If I claim that the Arduino can do nothing, then this is of course completely exaggerated. Only compared to other microcontrollers, the Arduino has become comparatively expensive. The widely distributed Arduino UNO has no Wifi and no Bluetooth, while for example the ESP32 – my favorite alternative to the Arduino – comes with Wifi and Bluetooth. Well, one must also say that the Arduino UNO has certainly a few days more on the hump. But even if we pick out an Arduino model for comparison that has similar features as the ESP32 … but see for yourself.
Before we take a look at the devices again here is a brief explanation why we must love the Arduino anyway: what the team of Arduino built, was simply an excellent complete package. A simple microcontroller, comparatively cheap at the time, together with a development environment that is easy to use. And on top of that we get a framework that is not overly complicated. This complete package finally led to the fact that many people have started programming microcontrollers. Among hobby electronics and in school’s STEM education tinkering with microcontrollers has become normal.
Arduino UNO
So here we have an Arduino UNO. You can see here the processor from ATMEL. Sensors or LEDs or other components on the breadboard are connected via the pin headers and cables. This Arduino UNO has a USB type B connector for connection to the computer and for power supply. Alternatively, you can power the board via a power supply with a hollow plug. Or you can also power the Arduino UNO via a specific power-in pin.
ESP32 & ESP8266
In comparison, here we have the ESPs. You can see right away that they are much smaller. Here we have an ESP8266 and this is an ESP32. The components for Wifi, Bluetooth and microcontroller are hidden under this metal lid. With the ESP8266 then just without Bluetooth. You can also see all the pins to connect the components. This one doesn’t have a pin header soldered on yet, while this ESP here already has a pin header on it.

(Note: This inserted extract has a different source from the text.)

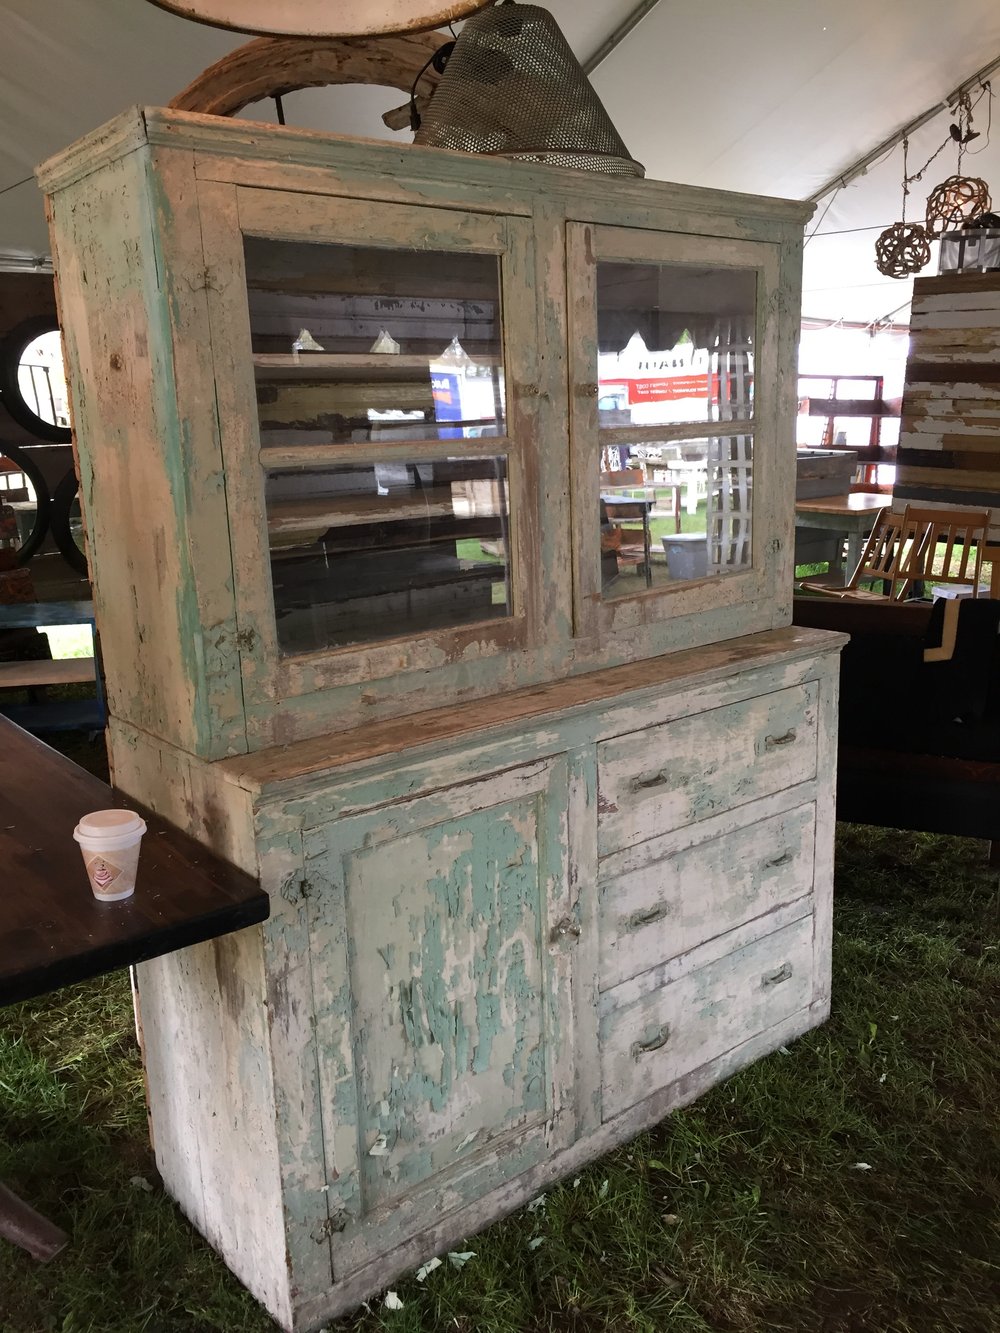  I was eyeing this old china cabinet for a client of mine, but the paint was really chipping and funky and I was worried about lead (she has two little kids)...so sadly this stayed behind.

Due to the pin headers the ESP can be used on a breadboard. So you can connect the pins of the ESPs with components without a soldering iron. The component with the angular snake line at one end is the Wifi antenna. These boards are powered and conneted to the computer via Micro-USB. But you can also power the board via the 3 volt pin. In a separate article I explain how to power the ESP with batteries.
Ok, now we have an overview of the Arduino and ESP hardware. Now let’s compare the “inner values”. For this I have created a small table. In the table I listed which features the different Arduino boards and ESP8266 and ESP32 have. I have not listed all Arduino boards, because there are so many different Arduino boards. I just picked out the classic Arduino UNO and Arduino Nano. And then I picked out another Arduino, which comes close to the ESP boards in terms of features, namely with Wifi and Bluetooth on it – the Arduino MKR WiFi 1010.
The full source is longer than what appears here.